> **Task directions**: For this exercise, write out only the lines of the entries below from the one with "Separation and determination" up to and including the one with "Greeting Card Blushing Floral- Best Wishes", exactly as they are. Pictures stay out.

──────── Dataset records

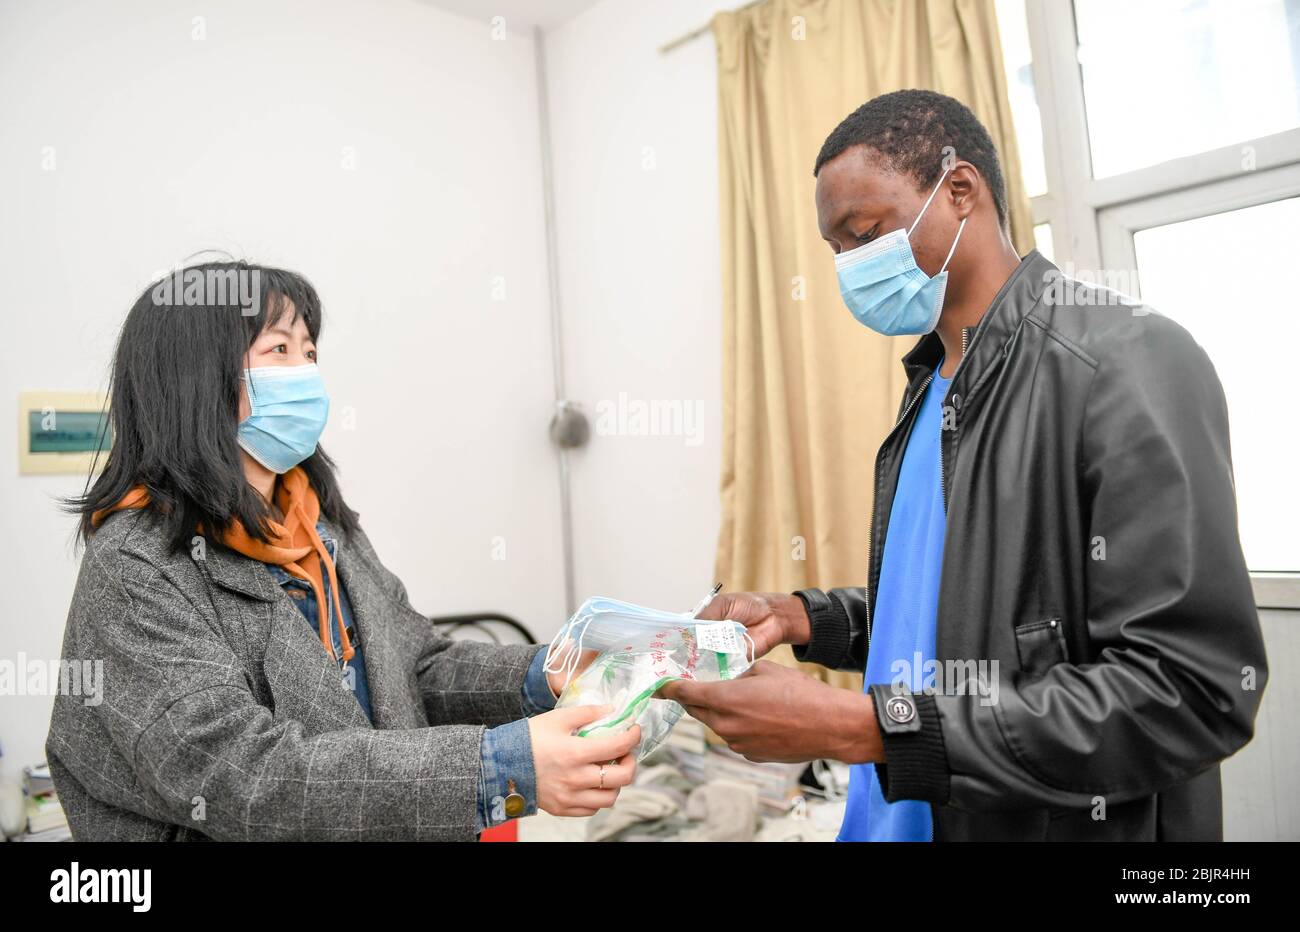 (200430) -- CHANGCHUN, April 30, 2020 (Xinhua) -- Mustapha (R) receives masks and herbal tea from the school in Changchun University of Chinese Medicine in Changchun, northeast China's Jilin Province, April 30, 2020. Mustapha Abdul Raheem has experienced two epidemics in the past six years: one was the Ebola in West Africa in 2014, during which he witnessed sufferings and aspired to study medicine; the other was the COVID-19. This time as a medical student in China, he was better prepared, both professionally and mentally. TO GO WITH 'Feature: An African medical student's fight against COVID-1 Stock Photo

────────────────
──────── Dataset records

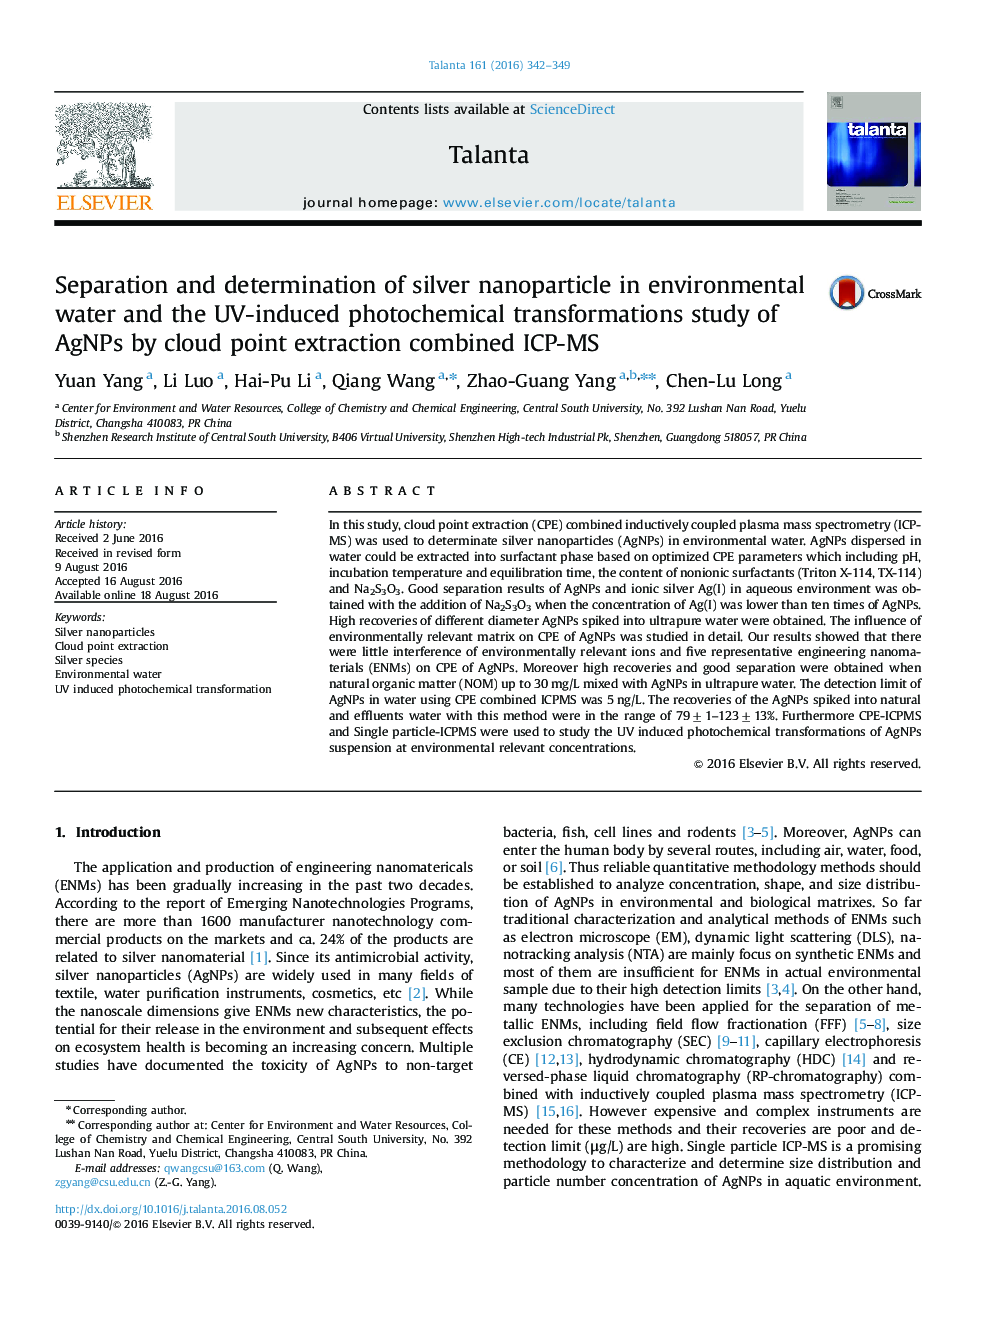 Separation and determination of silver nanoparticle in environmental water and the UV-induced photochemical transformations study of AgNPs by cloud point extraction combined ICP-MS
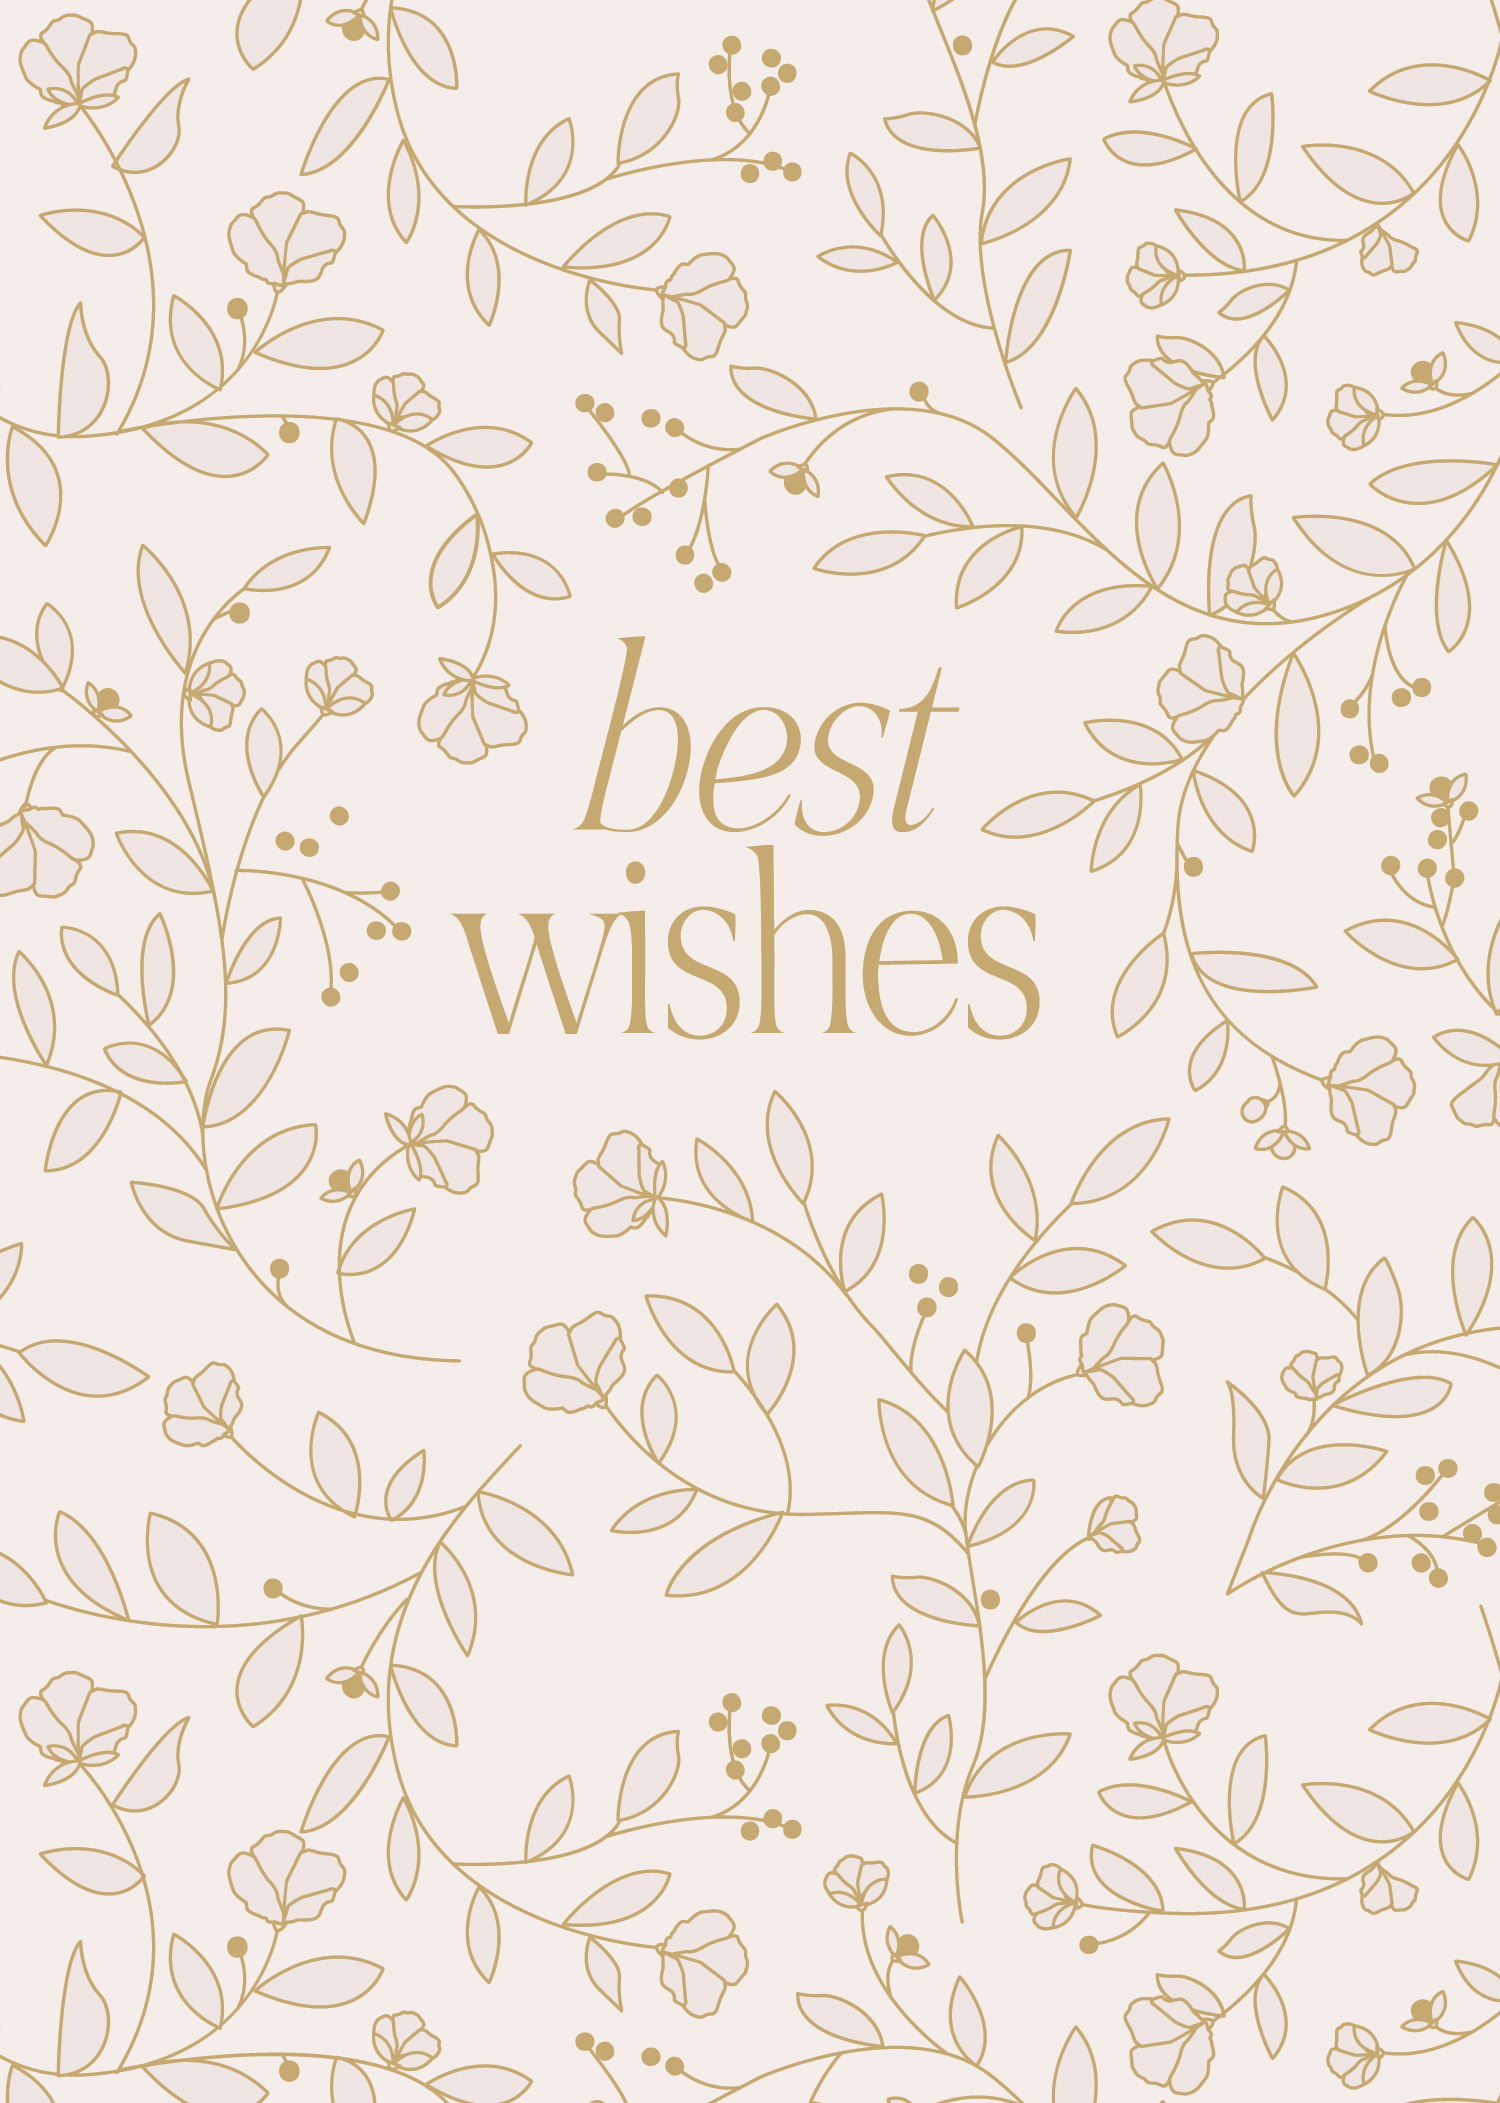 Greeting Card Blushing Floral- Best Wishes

────────────────

> **Your solution**:
 Separation and determination of silver nanoparticle in environmental water and the UV-induced photochemical transformations study of AgNPs by cloud point extraction combined ICP-MS
 Greeting Card Blushing Floral- Best Wishes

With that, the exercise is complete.